The buyback machine keeps eating supply
The Assistance Fund is not a static treasury, it is a mechanism. Hyperliquid routes the large majority of its trading fees, reported at around 97% to 99%, into buying HYPE on the open market, and those tokens are recognized as removed from circulation. That is why the fund's balance has climbed to about 45.65 million HYPE. The pace is enormous, even as it cools: buybacks ran near $317 million in the third quarter of 2025, about $255 million in the fourth, and roughly $192 million in the first quarter of 2026, on the order of $2 million of mechanical HYPE buying per day at recent volumes. A monthly contributor unlock lands into a market that has a standing, fee-funded bid underneath it. To understand why supply mechanics like this matter more than headline price, our explainer on market cap, FDV and circulating supply is a useful primer, and our guide to perp DEX tokens covers how these venues capture value.
Unlocked does not mean sold
The other half of the picture is behavior, and June gave a clean test. The June 6 unlock was the same 9.92 million HYPE, worth about $565 million at the time. The feared dump did not come. On-chain, contributors largely restaked their tokens back into the protocol to earn fees rather than sending them to exchanges, and HYPE went on to set a fresh all-time high of $76.70 on June 16, roughly ten days after the unlock. One month is not a guarantee, but it is a data point, and it points the opposite way from the "unlock equals crash" reflex.

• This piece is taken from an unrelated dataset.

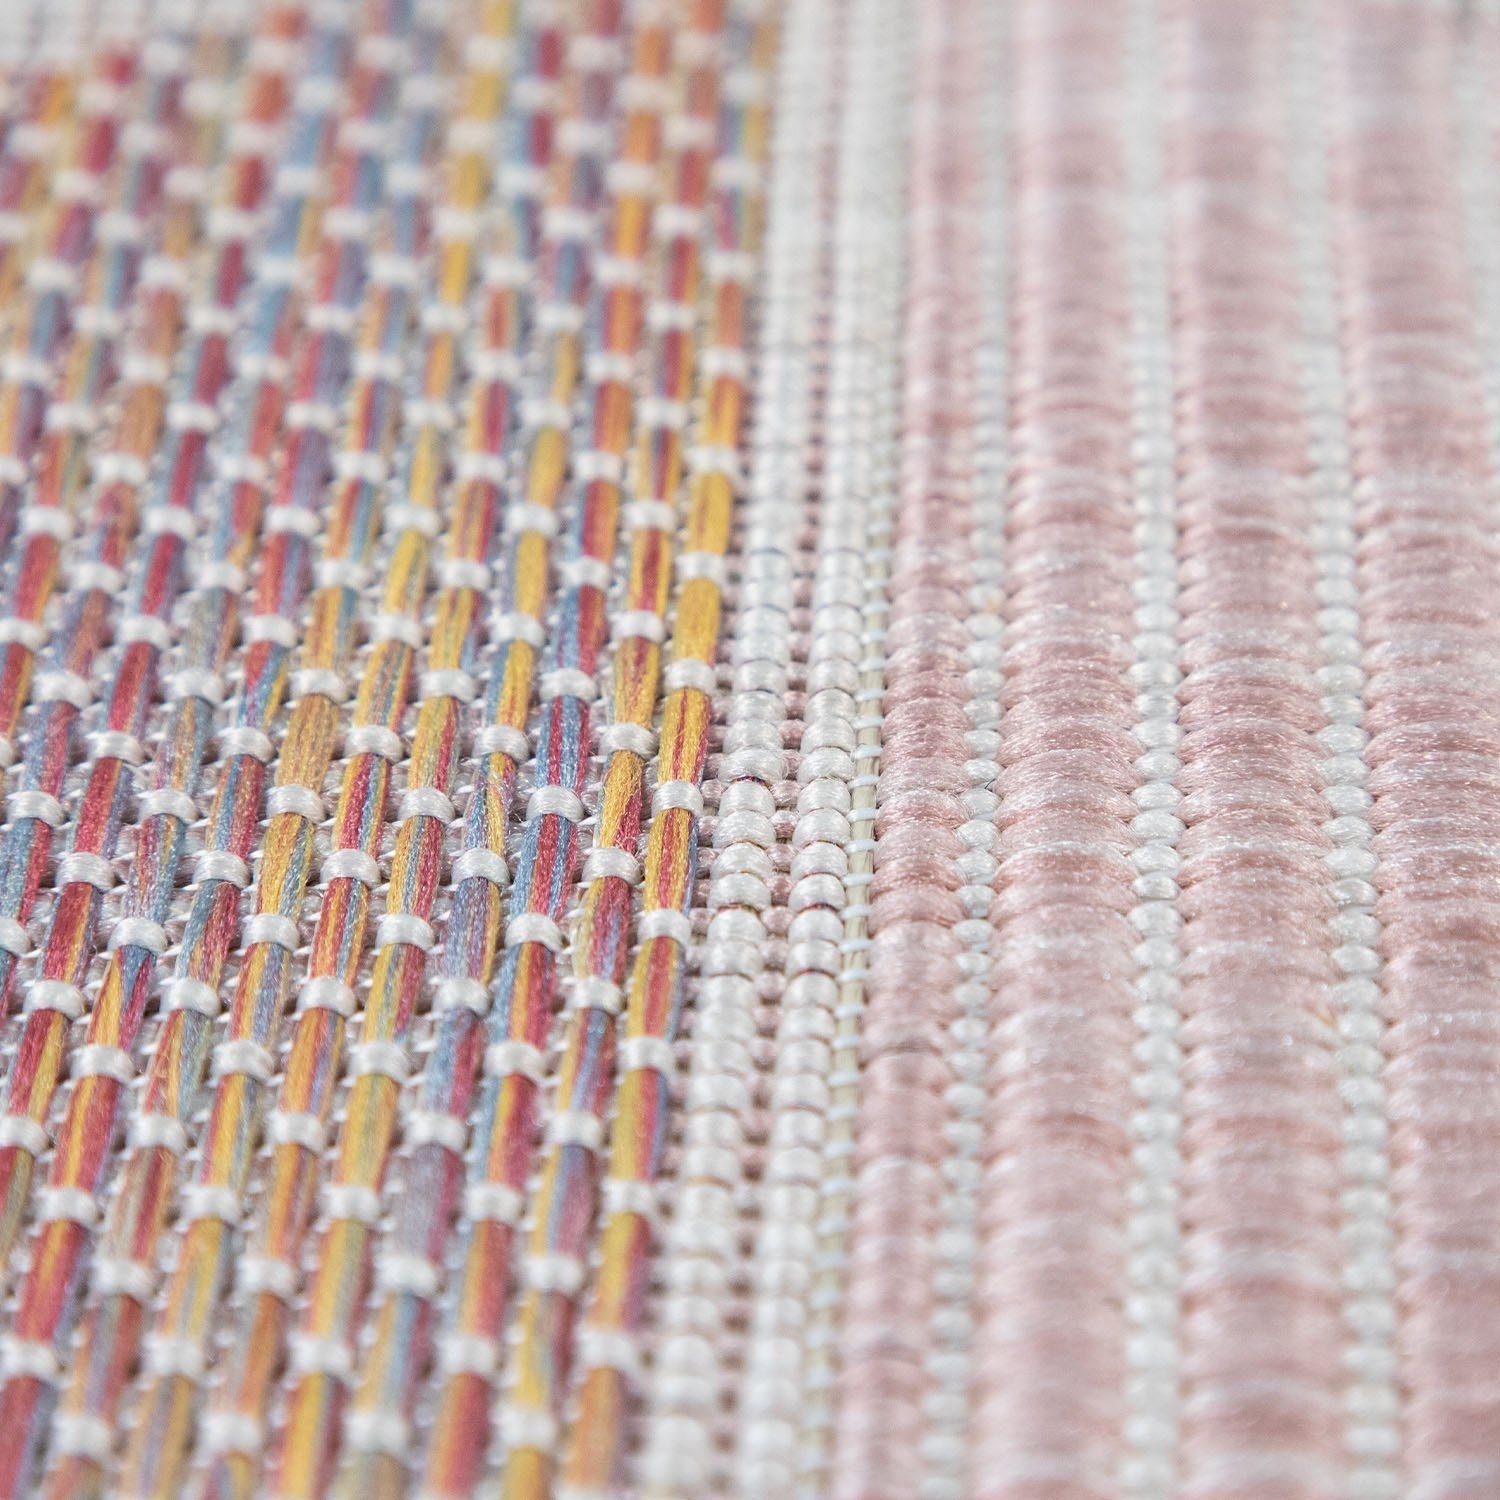 Home, Pastell- mm, Outdoor Paco rechteckig, Höhe: Teppich Flachgewebe, geeignet Kuba modernes Design, 130, Farben, 4

None of this makes HYPE risk-free. The real risk is not the size of the unlock, it is a change in behavior: if contributors break the June pattern and route tokens to exchanges this time, the standing buyback bid would be tested in a way it was not last month. That is exactly the kind of thing worth watching on-chain in the days after July 6, tracking whether the freshly unlocked wallets move toward exchange deposit addresses or back into staking. It is the same discipline we apply to any token, and the same reason to screen holdings and flows with tools like the Token Safety Checker rather than trading on a headline. For context on how we read events like this, see our on-chain breakdown of Aave's launch on Monad.
Methodology and disclaimer: HYPE holder balances (Assistance Fund about 45.65M, Hyper Foundation about 241.5M, future emissions about 413M) were read from Hyperliquid's on-chain token data with HYPE priced near $69.84; dollar values are a snapshot and move with price. The Assistance Fund address is 0xfefefefefefefefefefefefefefefefefefefefe, which converts protocol fees to HYPE. The 9.92 million July 6 unlock, the monthly vesting schedule, the quarterly buyback figures (about $317M, $255M and $192M for Q3 2025 through Q1 2026) and the June 16 all-time high of $76.70 are drawn from Hyperliquid disclosures, unlock trackers and market data. This article is for information only and is not financial advice.